Not everything that is faced can be changed, but nothing can be changed until it is faced.
James Baldwin
The question of why I would invest in Collectively Me, a written collection of my perceptions and perspectives based on my life experiences, is such a great question! My life is good. Honestly, my life is really good! Blessed beyond what I imagined growing up, and certainly more than I deserve. It certainly doesn’t make sense to share my life and my thoughts virtually for the world to see. Even more so, it is something of a risk in sharing myself as some may judge and others may mock. Now, I fully understand feedback will be provided based on either one’s personal or professional opinions, often both. So again, I have to pause and ask myself, “why”?
Simeon Sinek authored a great book entitled, Start with Why. I highly recommend everyone to read it. The primary premise of the book concerns great leaders inspiring those whom they lead to take action. If you don’t enjoy reading check out one of his Ted Talks. Sinek focuses on understanding “why” we do something before we try to understand “what” we are going to do. So again, why should I do this?

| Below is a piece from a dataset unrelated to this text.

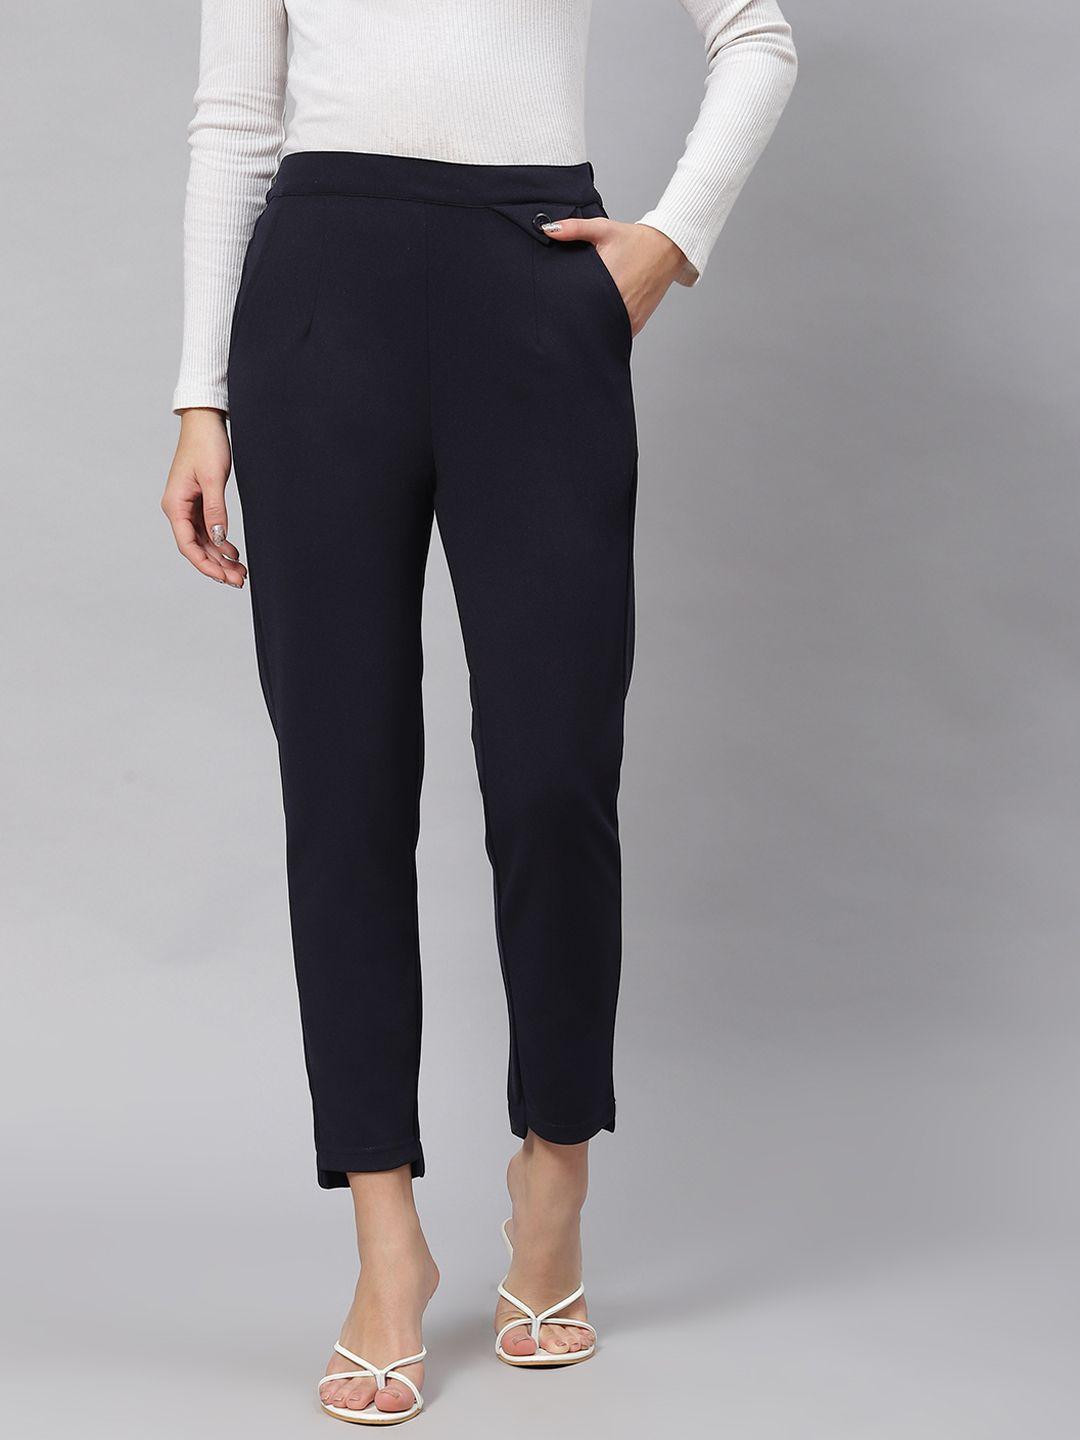 pluss women navy blue solid mid-rise regular fit trousers

The primary “why” I should do this is that, every day, I get out of bed with the desire to help change lives. I firmly believe that in some non-heroic way, this is what God intended for me to do. If you agree to stick with me long enough, I think this may prove true.
I must be honest and tell you now, I don’t have an inspiring life story to tell. No rags to riches, living in extreme poverty, dope, or crime infested neighborhood story. That just isn’t my reality. I lived a life where there was always something on the table and lots of left-over meals. My mom provided the best that she could to cloth me. I rotated a couple of pairs of jeans. And by the way, thank God for Fingerhut, Blair, and Montgomery Ward, which allowed us to charge on the store accounts. And thinking back, I actually don’t think my mom paid those off until I was in my thirties.
We all have our own stories. My story isn’t about the life people could see. My story is about the life I lived that only I knew. The stories my mom never heard until I was 46 years old. There was too much damage at an early age. In reality, I shouldn’t have made it this far. But wait, back to my why!
One September night in 2010, I was celebrating my twenty-year high school reunion. That night had been a very bizarre night for me. Not in a bad way, really, but more in a way that forced me to really try to figure out, "what in the heck just happened?”
Growing up, I was a pretty gifted athlete, at least my version of giftedness. I was really good at football and baseball. I was also pretty good at basketball and track, but what I was most gifted at was being the class clown. Because of all that, I could really draw a crowd. I could be the center of attention. Looking back now, I know that, even then, my greatest gift was actually leading. I just didn’t realize that reality at the time.
That September night as I leaned up against a pool table, person after person stopped for a visit and we reminisced about the past. After each person, and on occasion a group would walk away, I would say to myself, I didn’t know that! I didn’t know because I remembered I called one of my classmates Timex in high school, it meant something to them. I didn’t know that because I remembered that we were in math class together, it meant something to another. I didn’t know that I had a positive impact on so many of my classmates.
That night following the event, I sat in my truck for what seemed like hours, just weeping. I really didn’t understand at that moment. I asked God, “what are you trying to tell me? What is it that you expect me to do with this?” I prayed to God because these people didn’t have a clue of the pain that I kept inside of me. The hurt that I felt all those years growing up. How could I, a broken person myself, have that impact on others? Most of these classmates lived lives better than I back then, or at least, so I thought!
Five years following the reunion, I reconnected with a classmate I visited with during the reunion. We had a very interesting and emotional conversation that really touched my heart. We both shared some painful moments of our past. It was then she revealed she had viewed me as her protector since the 2nd grade. This conversation, five years after the reunion, allowed my realty to come full circle.
I had never thought that I had done anything extraordinary during high school. That was just who I was, a caretaker. I didn’t know how to be anything different being that kid raised by a bunch of powerful women. That kid carrying a load within, unable or unwilling to allow anyone else to help me.
In reflection, it was that high school reunion event and reflection over the next few years that I realized I have no choice but to share my story. You see, this is just a short list of conversations and similar situations like my high school reunion. Consequently, I have no choice but to take this action as there are people out there who are looking for a light in a very dark world and may benefit from my experiences.
It would be selfish for me to keep COLLECTIVELY ME to myself.